- Region: Bhutan
- Native speakers: 5,000 (2006)
- Language family: Sino-Tibetan Tibeto-Kanauri ?BodishTibeticDzongkha–LhokäBrokpa; ; ; ; ;
- Writing system: Tibetan script

Language codes
- ISO 639-3: sgt
- Glottolog: brok1248
- ELP: Brokpake

= Brokpa language =

Tibetic language spoken in Bhutan

Brokpa (Brokpakæ; ) is a Tibetic language spoken by around 5,000 people.
It is spoken by descendants of pastoral yakherd communities.

== Name ==
The Tibetan word `brog pa refers to a multitude of nomadic or partially nomadic pastoral yak herd communities of the Himalaya region.

Due to their distribution Brokpa of Merak and Sakteng are sometimes also referred to as mera-sakteng-pa (‘people of Merak and Sakteng’) and their language as mera-sakteng-kha (‘language of Merak and Sakteng’).

==Classification==
Brokpa is generally considered to be part of the Tibetic sub-cluster of the Sino-Tibetan language family.

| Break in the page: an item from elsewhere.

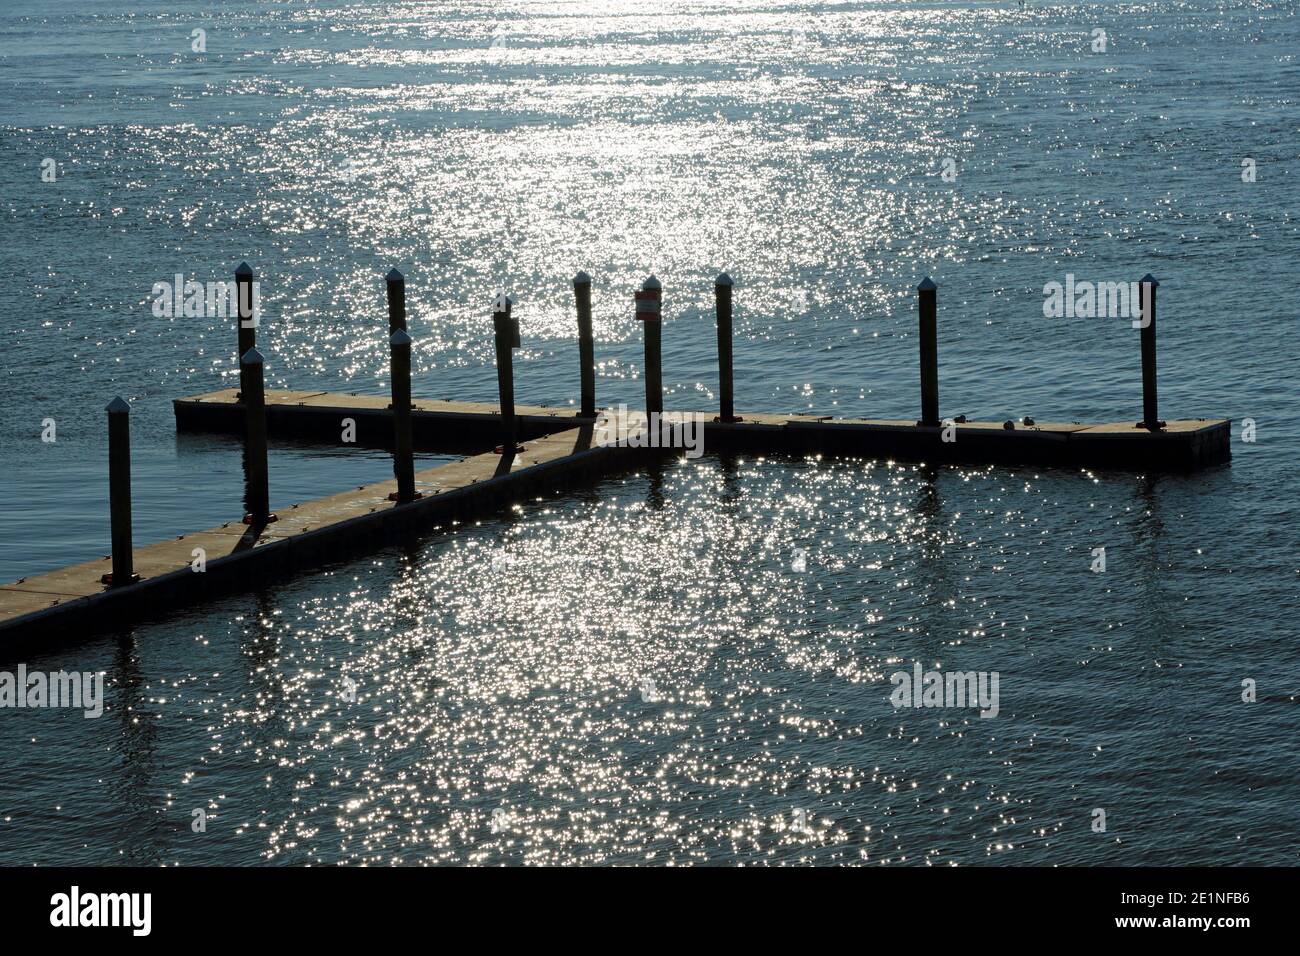 Ein leerer Bootsanleger verwandelt sich im Glanz der Sonne in ein inspirierende Kreuz. Sommers Point, New Jersey, USA Stockfoto

The internal classification within Tibetic has hitherto not been conclusively determined, which makes the exact position of Brokpa unclear.

Based on the classification by Shafer (1955), Brokpa would be considered as part of the Central Bodish branch, together with, among others, Dzongkha, Chocangacakha and Classical Tibetan.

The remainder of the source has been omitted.